China’s Positive Ratings dip 9% in India, Remain High in Pakistan

BEIJING: China’s positive ratings in India have dipped with a new opinion poll showing 34 per cent of Indians view it favourably compared to 43 per cent in an earlier survey, but 85 per cent of Pakistanis rated it as a friendly nation.

The survey, conducted by US-based Pew Research Centre to gauge the world wide perspectives about China, showed that 52 per cent Indians viewed China unfavourably while 34 per cent gave it a favourable rating.

The new polls showed a nine per cent dip in the favourable rating enjoyed by China in India as an earlier survey conducted by Chinese firm Horizan research consultancy group between 2000 and 2009 showed that 43 per cent Indians considered China as a partner and 23 per cent regarded it as hostile.

Results of the PEW survey published in the state-run China Daily here showed an interesting pattern with Beijing receiving its best ratings in Kenya where 86 per cent viewed it favourably compared to 10 per cent negatively.

According to the survey conducted in 22 nations from April 7 to May 8 this year, China understandably enjoyed high positive rating of 85 per cent in Pakistan. Only three per cent of Pakistanis interviewed gave unfavourable rating to China, projected as all-weather friend.

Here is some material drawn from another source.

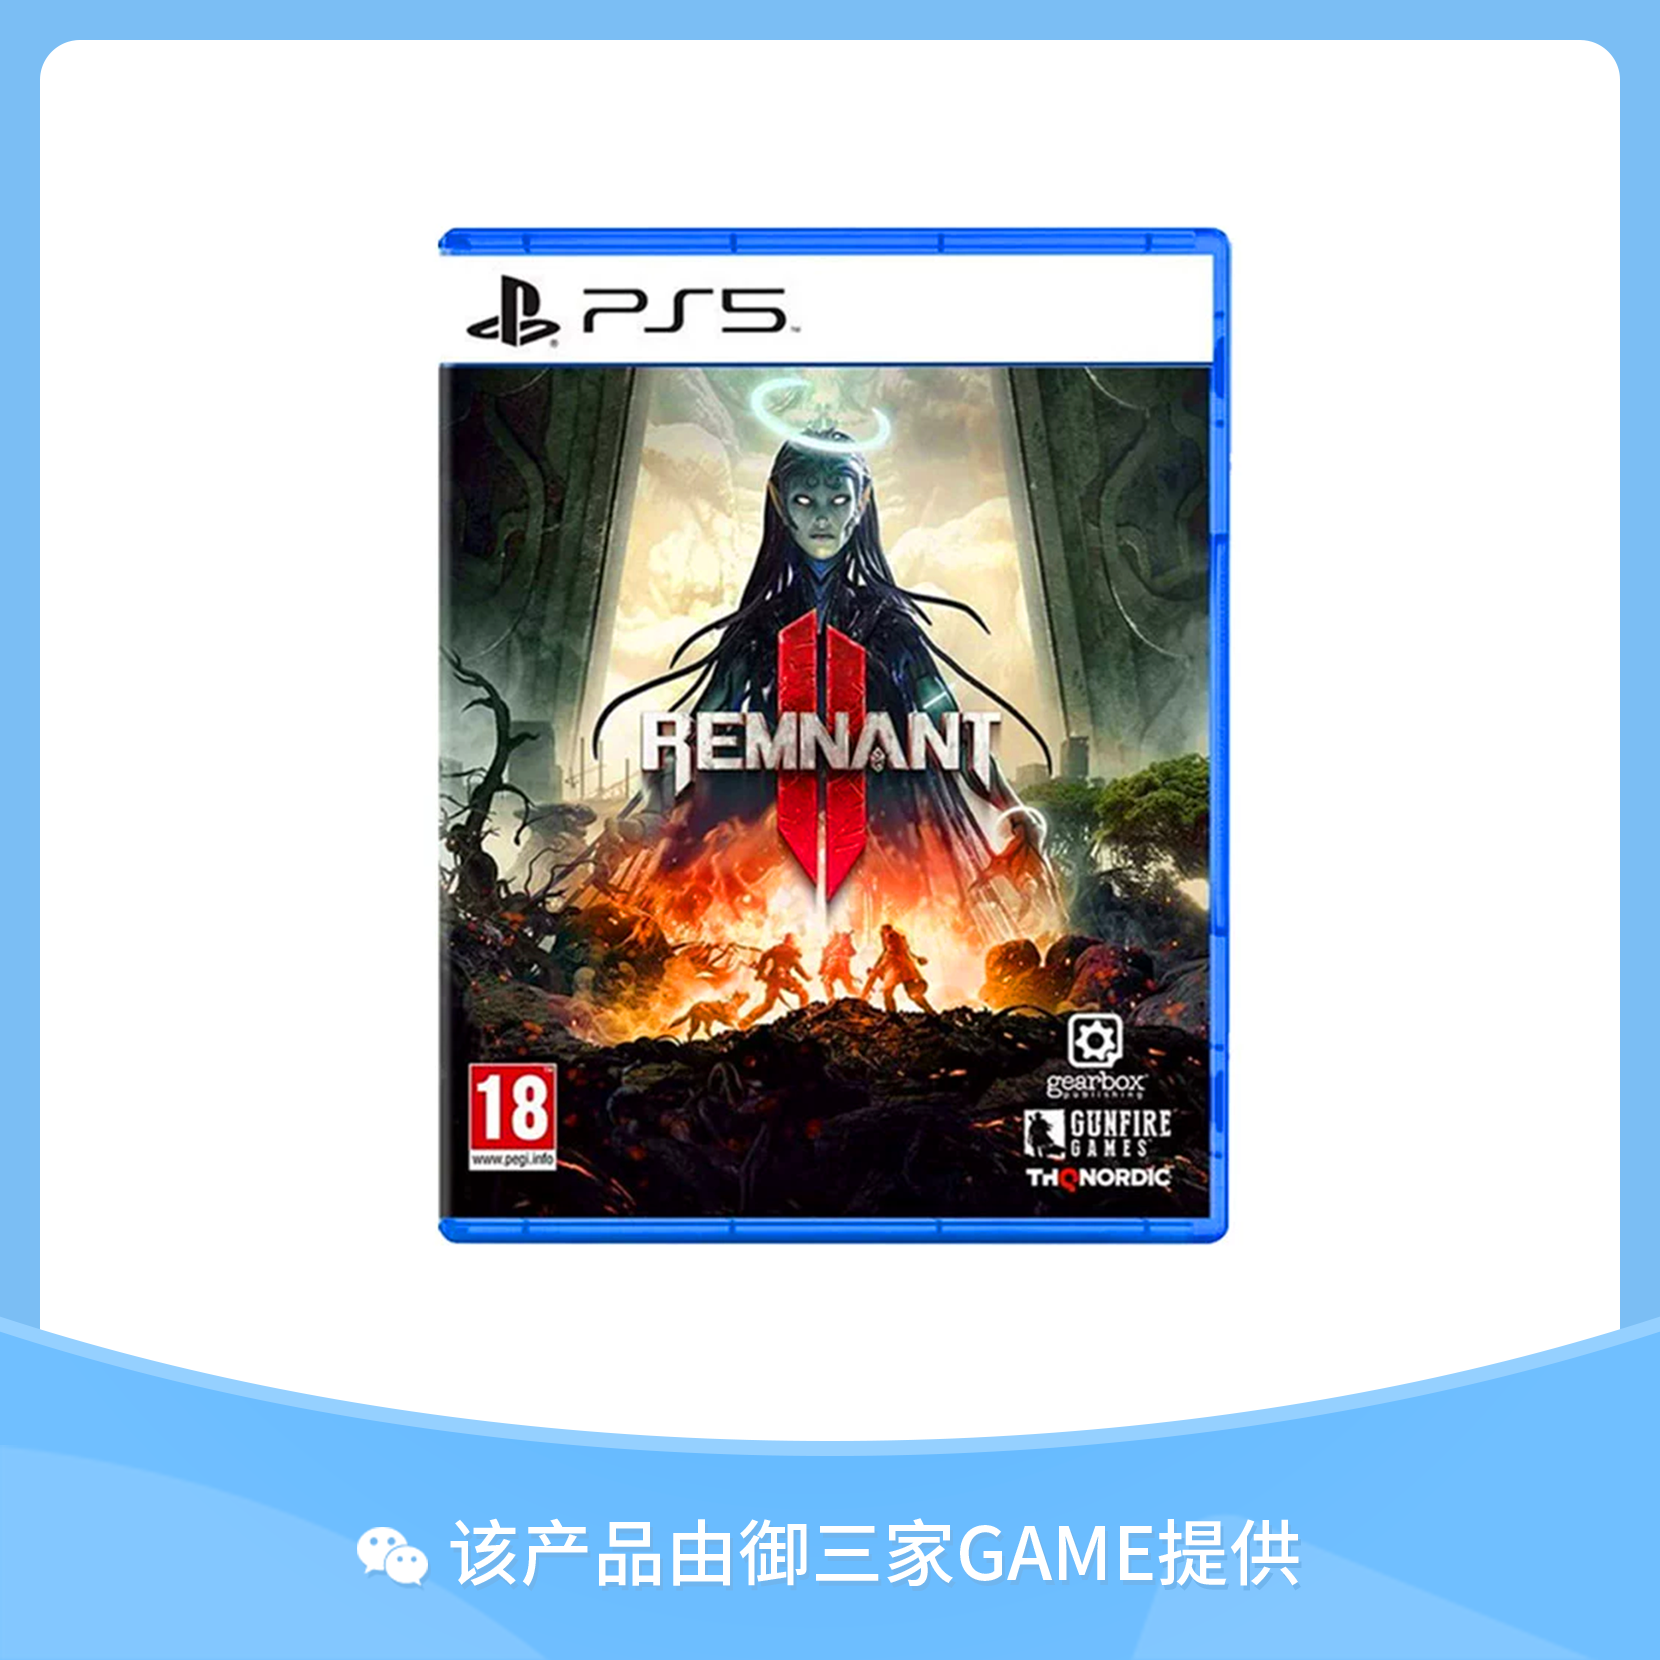 索尼PS5游戏 遗迹2 需全程联网 中文

The rising Asian power, however, received mixed ratings across the world. Thirty six per cent viewed China unfavourably in United States against 49 per cent, 46 per cent regarded it positively in Britain against 35 per cent, 41 per cent against 59 in France.

China received good ratings in Russia too where 60 per cent viewed it favourably compared to 29 per cent negative perceptions.

Among the countries where China was viewed mostly negatively was Japan which has historic disputes with China. Sixty nine per cent Japanese viewed China unfavourably compared to 26 per cent otherwise.

In Germany, 61 per cent viewed China negatively compared to 30 per cent and 61 per cent view Beijing negatively compared to 20 per cent in Turkey.

Former US secretary of state Madeleine Albright, who co-chaired the Pew global attitudes project, noted at a Washington news conference on Thursday that China is regarded highly as a result of the country’s fast economic growth. “Their star is clearly rising,” she said.

In addition to China’s economic growth rate, Albright attributed the trend to the increased willingness of the Chinese side to “be a part of the solution to global issues”, which include the world economic crisis, Korean Peninsula denuclearisation and the Iran nuclear issue.

“A lot more people now know about China and have been to China,” she said, citing the Beijing Olympic Games and Shanghai Expo as examples of China’s improved “visibility” on the global stage, which promotes a better understanding of the country.

A Beijing-based international analyst Pang Zhongyin said the result of the poll is nothing new and Beijing still needs to step up efforts to strengthen communication with the world.

Being the “factory of the world”, China has contributed a lot to the world economy and its influence has kept growing, especially after the global financial crisis, Pang said.

“And such emerging economic power is unfortunately accompanied by misgivings from other countries and we need to convince the world that China is not what they imagine,” he said.

Pang emphasised the importance of public diplomacy, saying the Chinese government, from the top leader to the ordinary diplomat, has gradually taken the idea in mind.

He noted that Premier Wen Jiabao’s recent interactions with local people during his visit to the Republic of Korea and Japan is a good example of extending the message that China is not a threat.